I have to find volume inside the cone $z= 2a-\sqrt{x^2+y^2}$ and inside the cylinder $x^2+y^2=2ay$.
I am trying to use cylindrical coordinates: $x=r\cos\theta\,\,\, y=r\sin\theta\,,\, z=z$.
I think I am mainly having trouble finding the boundaries for the integration $\iiint rdrdzd\theta$:
$0\leq \theta\leq 2\pi$, $0\leq z \leq 2a$, and for $r$. I think this is where I am wrong... I have $0 \leq r \leq z\,\sin(\theta)/(1-\sin(\theta)).$
If anyone knows or can give me some help I would appreciate it.
The cross-sectional area of this volume is the intersection between the circular cross-sections of the cone and cylinder. If we call that cross-sectional area $A(z)$, then the volume is
$$V = \int_0^{2 a} dz \: A(z)$$
So the trick is to find $A(z)$. There's no substitute in drawing a picture:
In red is the cylinder cross-section, and in blue are cone cross-sections at various values of $z$. The integration limits will depend on $z$: when the cone cross-section intersects the cylinder cross-section below the center of the cylinder cross-section, then the intersection is bounded by the upper arc of the cone and the lower arc of the cylinder. When the cone CS intersects the cylinder CS above the center of the cylinder CS, however, there is also additional area to the left and right of the intersection points.
The intersection points are easy enough to find; they are, in polars:
$$\sin{\theta} = 1-\frac{z}{2 a}$$
The cross sectional area at $z$ is the sum of two contributions: one ($A_1$) bounded by the red circle, the other ($A_2$) by the blue circle.

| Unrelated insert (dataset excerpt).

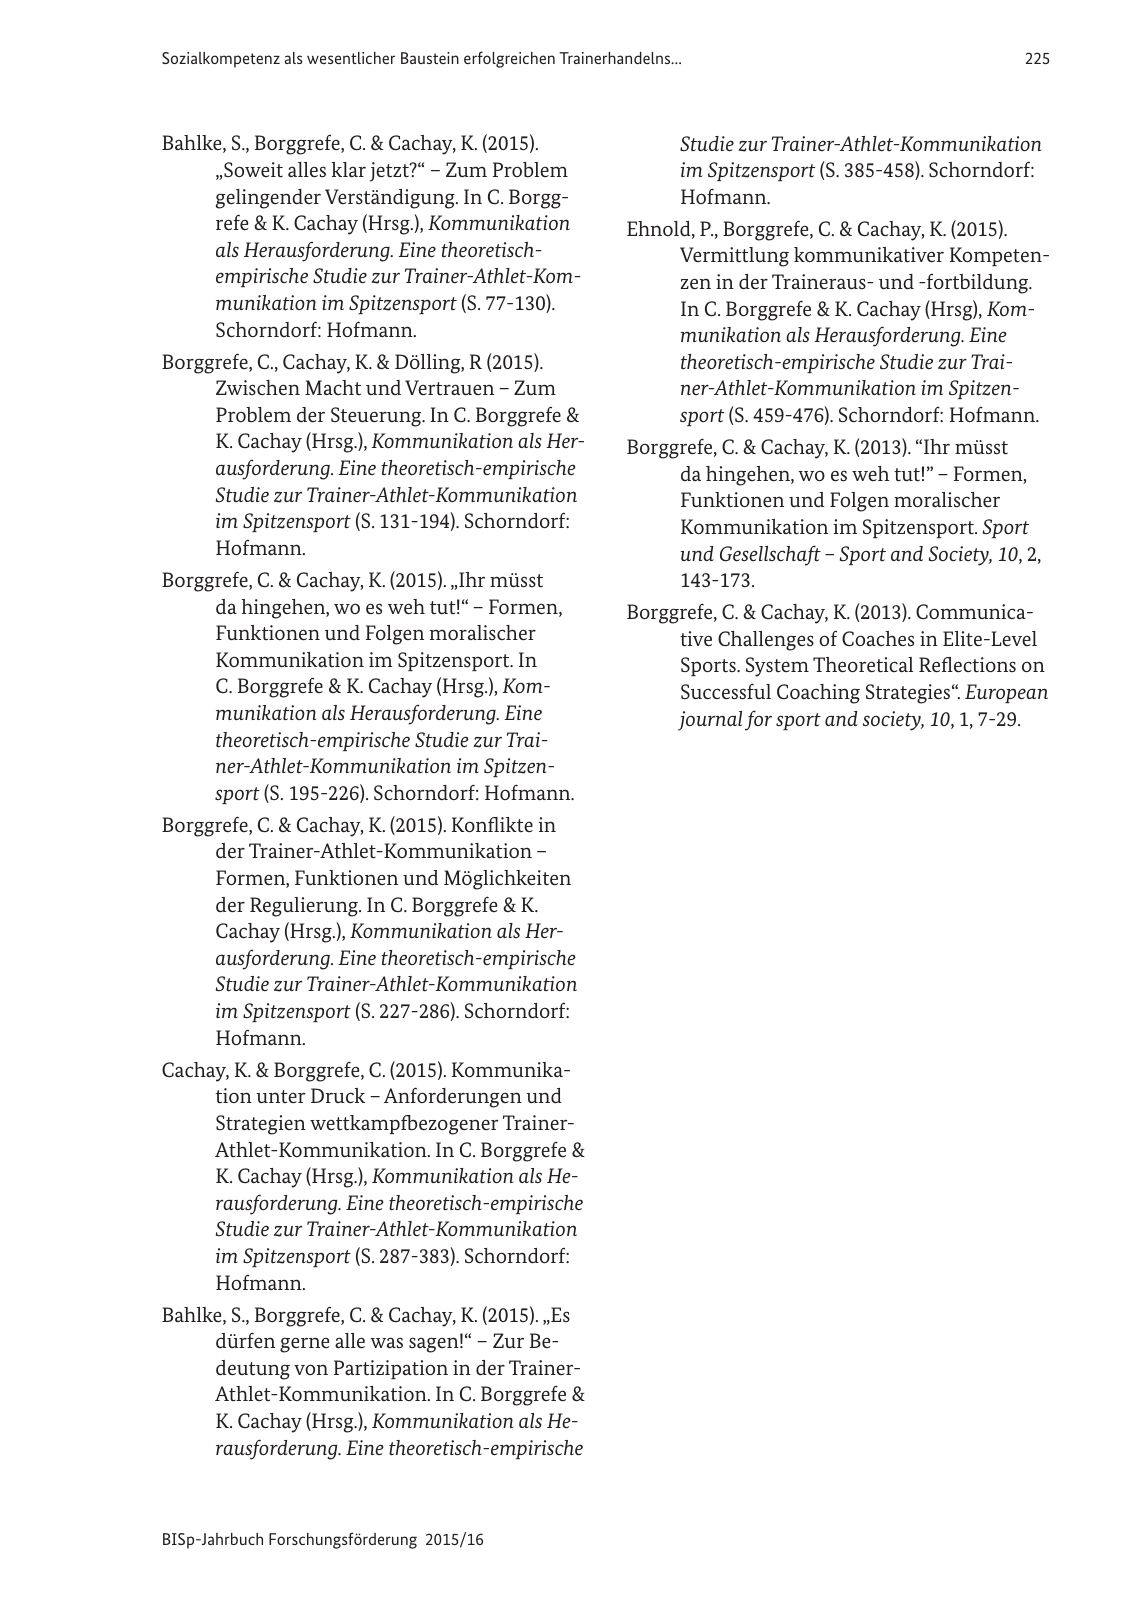 Vorschau BISp-Jahrbuch Forschungsförderung 2015/16 Seite 227

$$A_1 = \int_{ \arcsin{(1-z/(2 a))}}^{\pi - \arcsin{(1-z/(2 a))}} d\theta \: \int_0^{2 a-z} dr \, r = (2 a-z)^2 \left[\pi - 2\arcsin{\left(1-\frac{z}{2 a} \right)}\right] $$
$$A_2 = 2 \int_0^{\arcsin{(1-z/(2 a))}} d\theta \: \int_0^{2 a \sin{\theta}} dr \, r = 2 a^2 \left [ \arcsin{\left(1-\frac{z}{2 a} \right)} - \left(1-\frac{z}{2 a} \right) \sqrt{1-\left(1-\frac{z}{2 a} \right)^2} \right ]$$
The cross-sectional area $A(z)=A_1+A_2$; we integrate over $z$ to get the volume. We may make the substitution $u=1-z/(2 a)$ and get
$$V=4 a^3 \int_0^1 du \: [\pi u^2 +(1- 2 u^2) \arcsin{\sqrt{1-u^2}} -u \sqrt{1-u^2}]$$
or
$$V= \left (2 \pi - \frac{32}{9}\right )a^3$$